Agile Conflict Management
Many have pointed out that strategic trust among Asian countries is lacking. We need to have open and frank dialogue on security challenges, like we are doing here, before they can be meaningfully addressed.
Asia must build on multilateral frameworks to achieve this trust, anchored on common principles and shared values that promote peace and stability. For regional security, the ADMM, as well as the ADMM-Plus framework, with its eight extra-regional partners, serves as platforms for open and inclusive dialogue to resolve differences peacefully.
We must also step up practical cooperation and interaction between militaries to forge understanding and trust.
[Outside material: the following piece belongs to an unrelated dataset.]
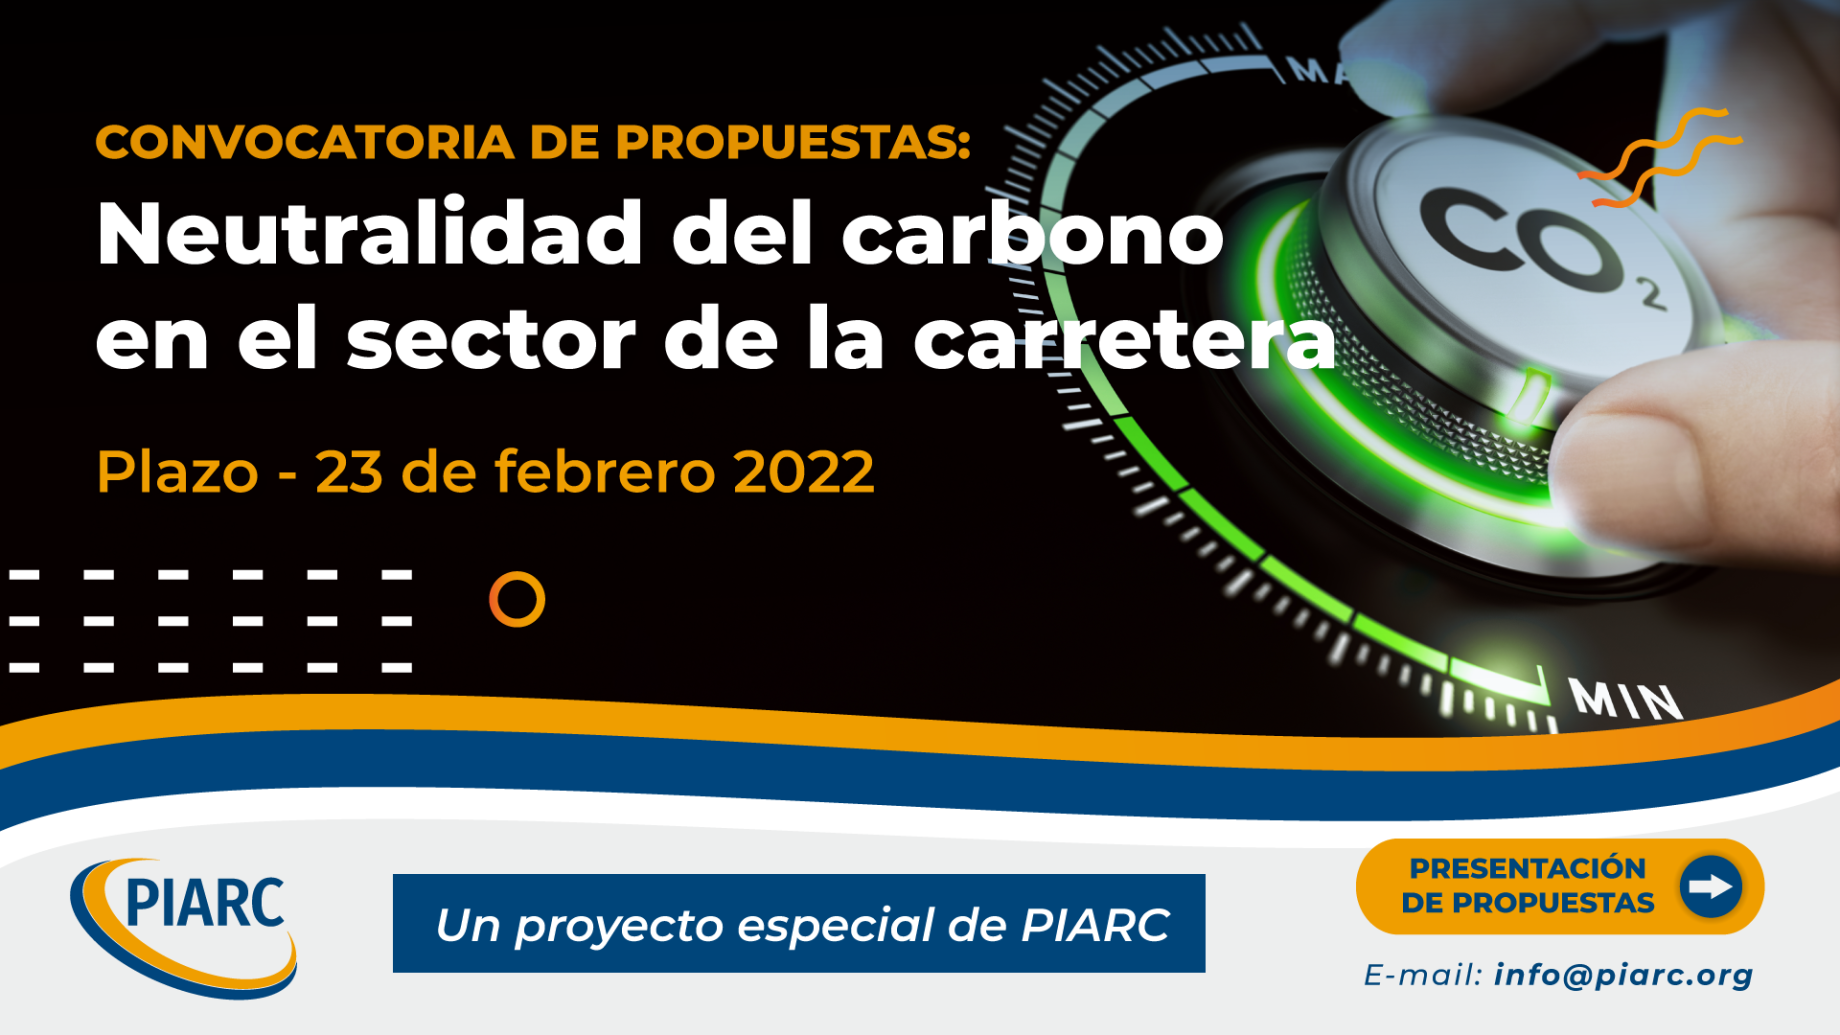 PIARC lanza una nueva convocatoria de propuestas: proyecto especial sobre neutralidad de carbono del sector vial. ¡Participe!

This was the aim in the joint ADMM-Plus Exercise held last year hosted by Brunei where eighteen countries with eighteen militaries conducted a large HADR and Military-Medicine exercise. The ADMM-Plus militaries will do more, including the next joint Counter Terrorism and Maritime Security exercise.
A key platform to achieve trust is concerted action to help one another in HADR. Recent natural disasters such as Typhoon Haiyan showed the need for a 24/7 crisis centre to coordinate military and civilian efforts in the most crucial first 24 to 48 hours of a disaster. This was the reason why Singapore put forward a proposal to host a Regional HADR Coordination Centre which would complement existing frameworks such as the ASEAN Humanitarian Assistance (AHA) Centre, and will add to and strengthen the existing regional crisis architecture.
Conclusion
Friends and distinguished guests, crises and conflicts are unpredictable. But we can reduce the uncertainty by proactively building among us strong relations and multilateral frameworks that build trust and confidence through cooperation and consensus. A stronger, more stable Asia will benefit all our citizens and the World.
Thank you very much for your attention.